▶ **ASSIGNMENT**: When you reach the line containing "Coolker Ketone Meter" in the entries below, begin reproducing lines exactly, and stop once the line containing "Atlas de las" is done.

Excerpts from a dataset:
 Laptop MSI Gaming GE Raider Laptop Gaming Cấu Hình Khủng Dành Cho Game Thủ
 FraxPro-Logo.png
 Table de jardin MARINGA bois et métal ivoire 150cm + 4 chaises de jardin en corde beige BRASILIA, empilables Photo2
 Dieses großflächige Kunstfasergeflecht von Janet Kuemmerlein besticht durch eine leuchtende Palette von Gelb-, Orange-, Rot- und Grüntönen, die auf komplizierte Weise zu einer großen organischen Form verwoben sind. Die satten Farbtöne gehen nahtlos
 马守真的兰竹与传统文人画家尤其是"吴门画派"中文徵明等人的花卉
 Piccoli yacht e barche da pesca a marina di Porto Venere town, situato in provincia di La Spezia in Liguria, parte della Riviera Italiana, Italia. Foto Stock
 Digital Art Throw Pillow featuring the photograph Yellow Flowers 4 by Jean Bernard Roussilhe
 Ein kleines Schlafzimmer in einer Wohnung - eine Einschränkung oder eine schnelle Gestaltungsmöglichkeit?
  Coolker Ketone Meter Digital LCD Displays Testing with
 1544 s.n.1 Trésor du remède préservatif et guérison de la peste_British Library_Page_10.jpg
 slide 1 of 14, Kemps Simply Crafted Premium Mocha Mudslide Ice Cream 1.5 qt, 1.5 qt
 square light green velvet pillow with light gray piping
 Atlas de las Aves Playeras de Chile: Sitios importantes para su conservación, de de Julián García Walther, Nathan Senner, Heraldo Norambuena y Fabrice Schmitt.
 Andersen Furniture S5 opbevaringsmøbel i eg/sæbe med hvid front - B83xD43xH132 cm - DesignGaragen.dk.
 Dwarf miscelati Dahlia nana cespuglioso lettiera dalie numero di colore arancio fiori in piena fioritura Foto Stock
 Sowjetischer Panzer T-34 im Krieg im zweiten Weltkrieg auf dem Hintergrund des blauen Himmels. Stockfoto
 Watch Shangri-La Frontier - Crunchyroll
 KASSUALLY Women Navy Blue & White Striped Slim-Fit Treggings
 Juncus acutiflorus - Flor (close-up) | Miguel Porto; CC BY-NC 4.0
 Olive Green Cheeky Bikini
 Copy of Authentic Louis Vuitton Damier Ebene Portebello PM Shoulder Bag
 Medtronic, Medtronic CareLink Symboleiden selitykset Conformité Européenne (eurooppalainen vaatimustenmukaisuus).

▶ **EXERCISE SOLUTION**:
  Coolker Ketone Meter Digital LCD Displays Testing with
 1544 s.n.1 Trésor du remède préservatif et guérison de la peste_British Library_Page_10.jpg
 slide 1 of 14, Kemps Simply Crafted Premium Mocha Mudslide Ice Cream 1.5 qt, 1.5 qt
 square light green velvet pillow with light gray piping
 Atlas de las Aves Playeras de Chile: Sitios importantes para su conservación, de de Julián García Walther, Nathan Senner, Heraldo Norambuena y Fabrice Schmitt.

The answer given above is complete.